Where the line containing "Full Body Massage Service" appears below, begin there and reproduce each line exactly through the last one, omitting pictures.

* **Recorded data**
=====
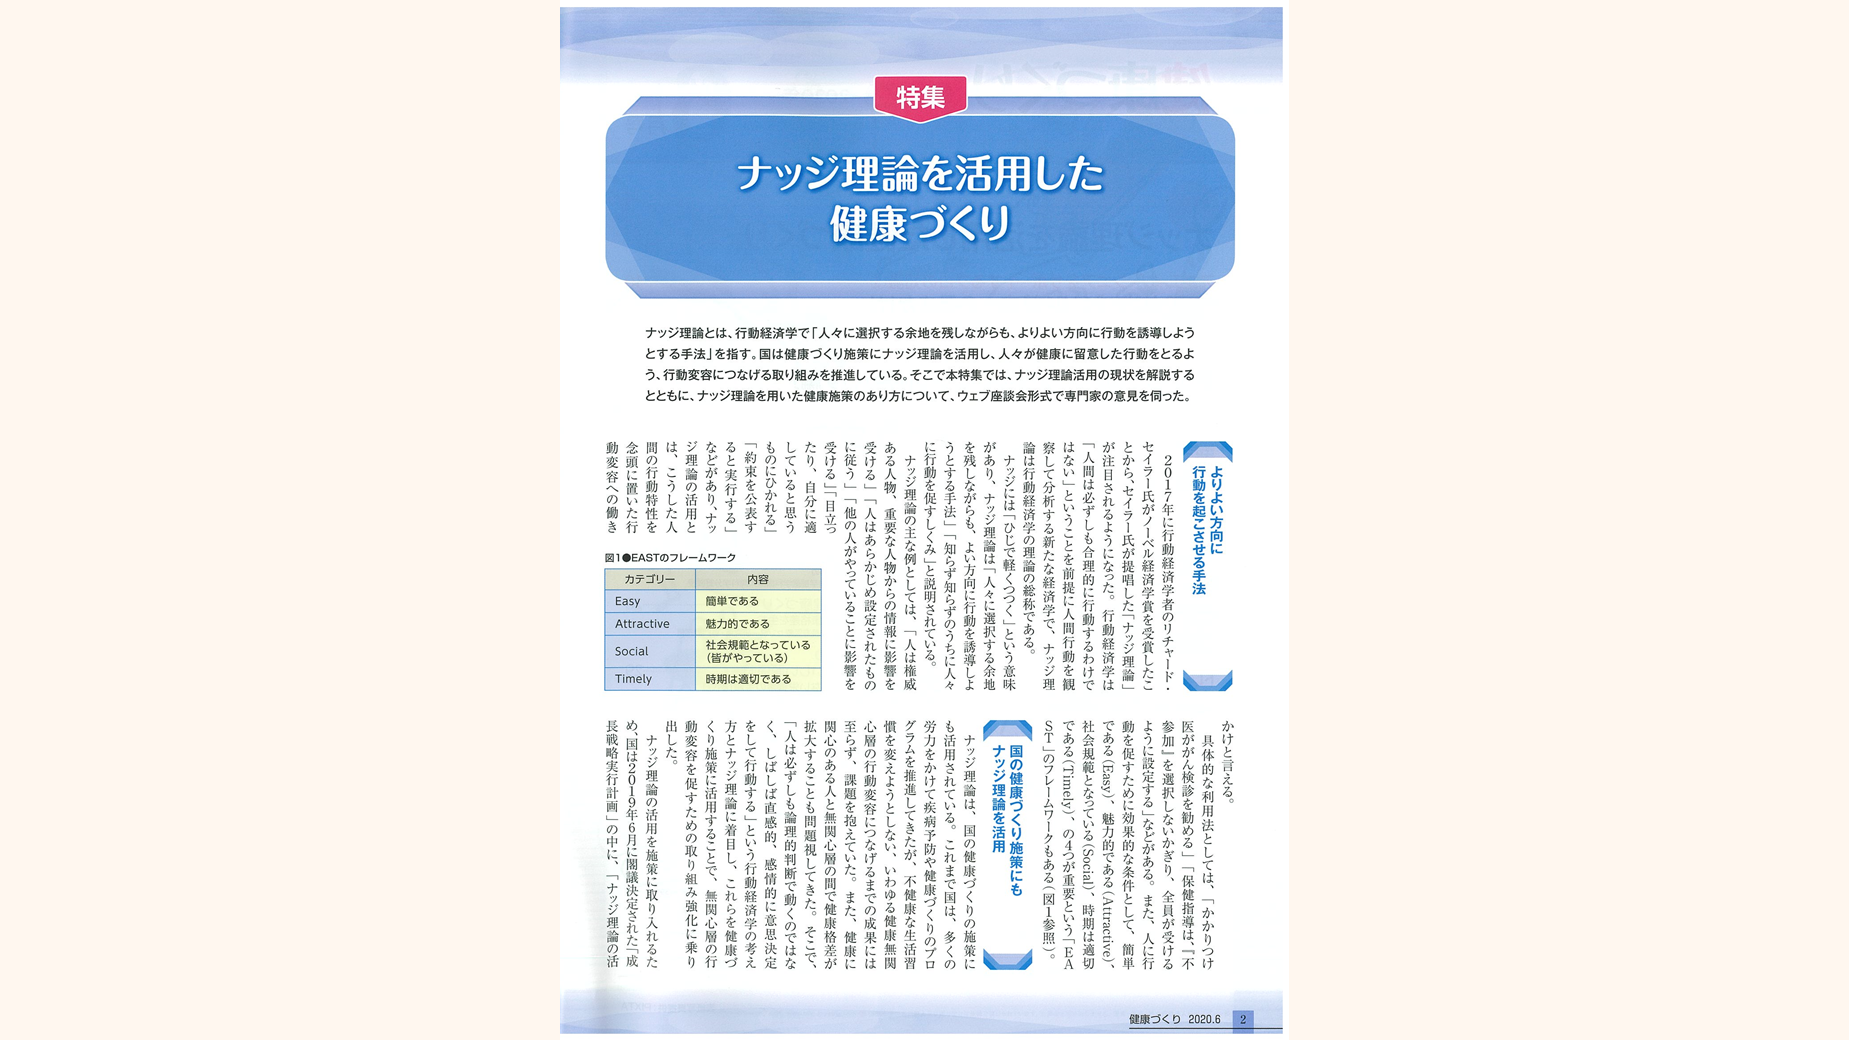 月刊「健康づくり」令和2年6月号に掲載
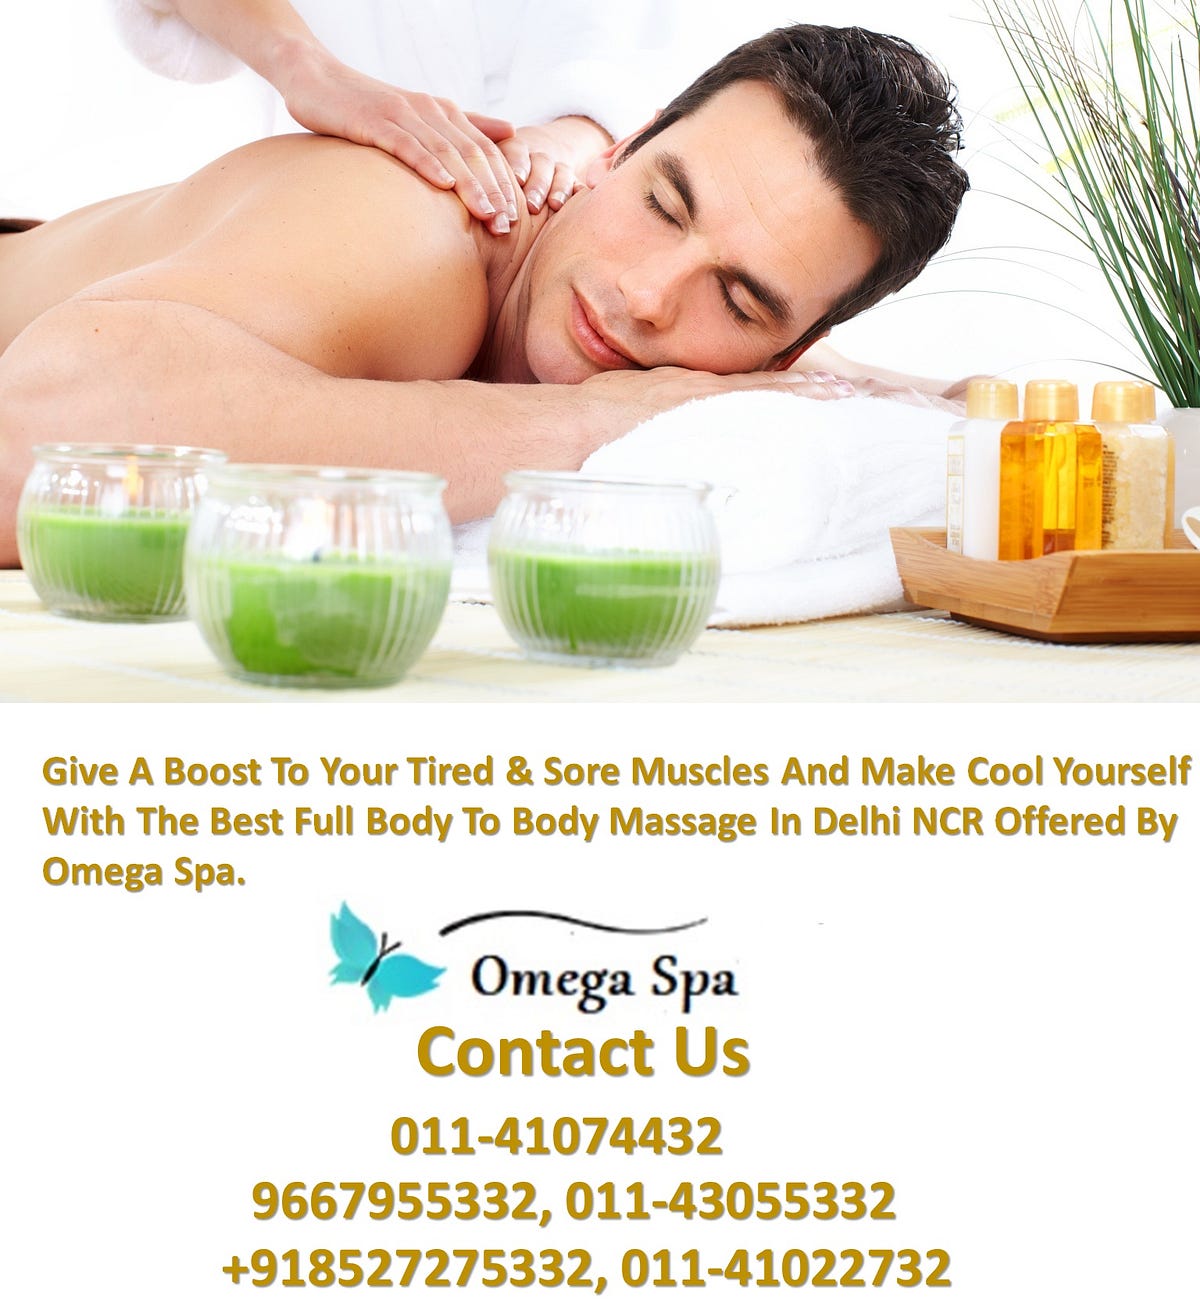 Full Body Massage Service Centers In Delhi Omega Spa By Full Body Massage Center In Delhi Medium
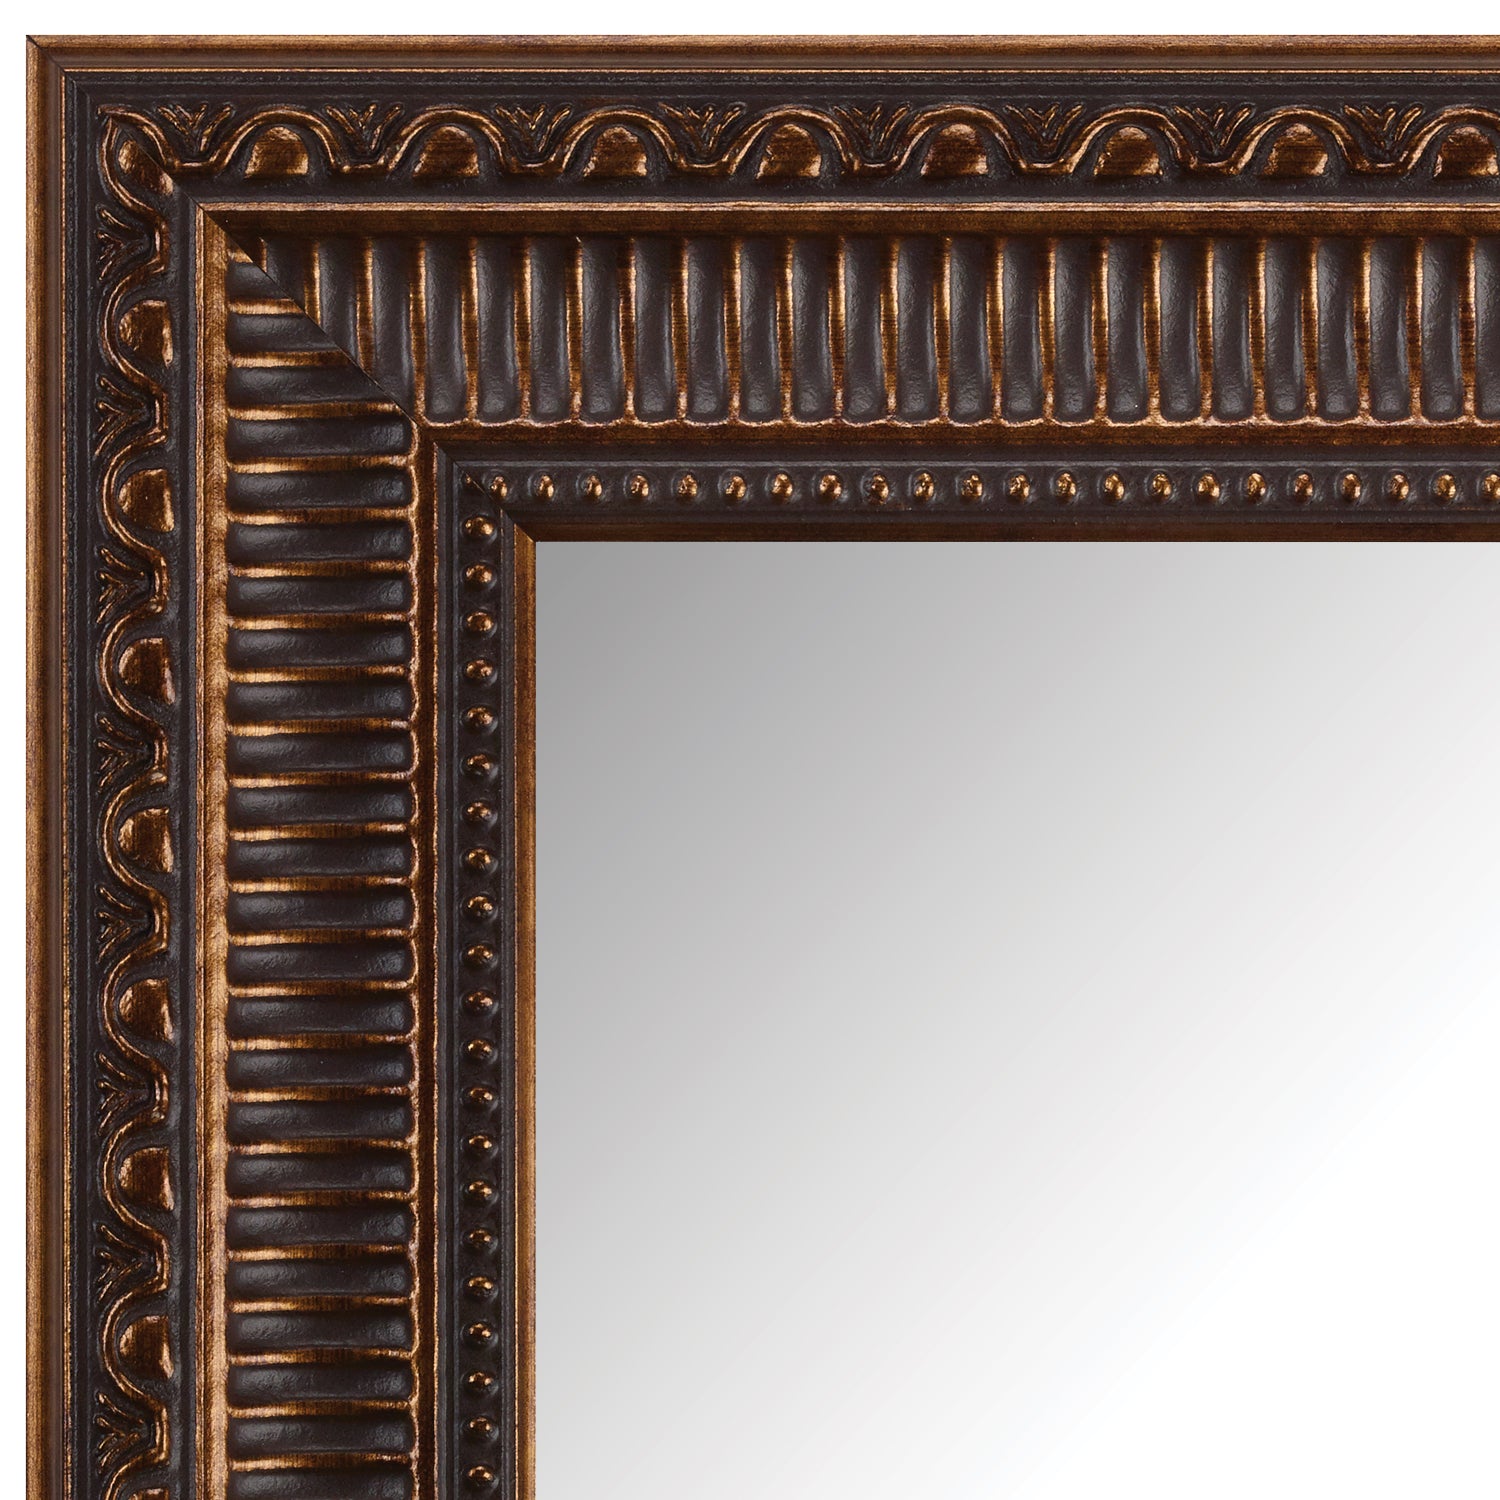 eksil strejke Hændelse Oil Rubbed Bronze Mirror Frame | Frames for Mirrors on Walls – MirrorMate
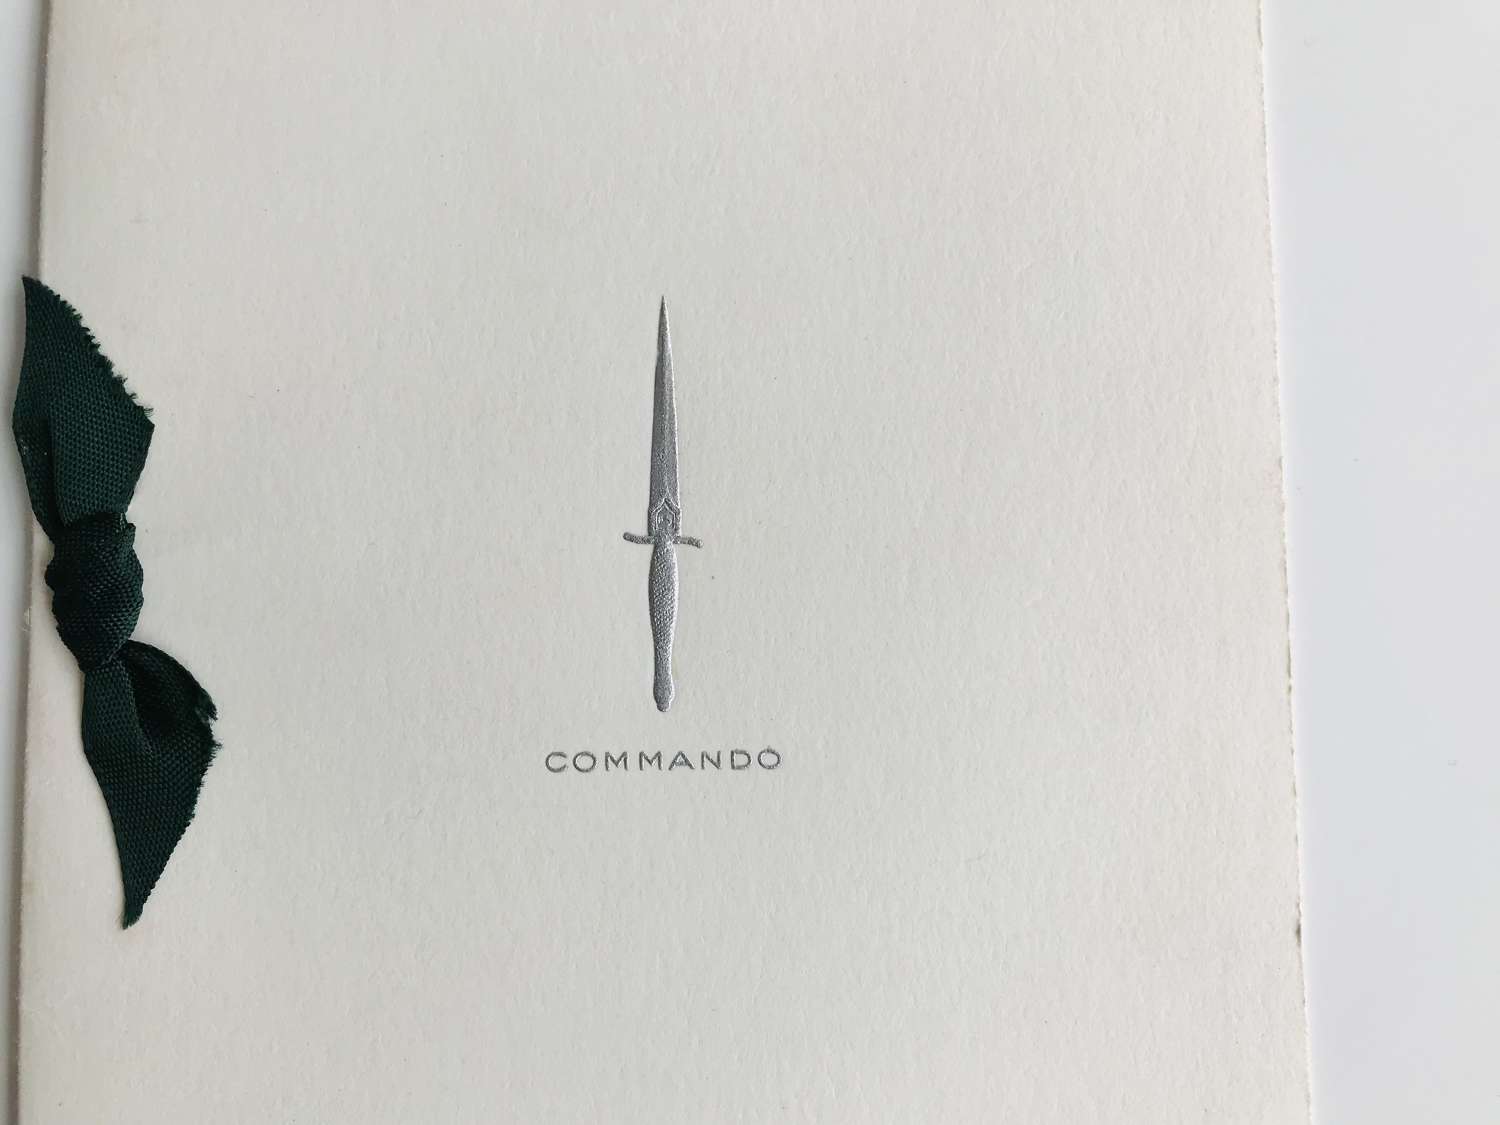 Commando Association Christmas card
=====
* **Reply**
 Full Body Massage Service Centers In Delhi Omega Spa By Full Body Massage Center In Delhi Medium
 eksil strejke Hændelse Oil Rubbed Bronze Mirror Frame | Frames for Mirrors on Walls – MirrorMate
 Commando Association Christmas card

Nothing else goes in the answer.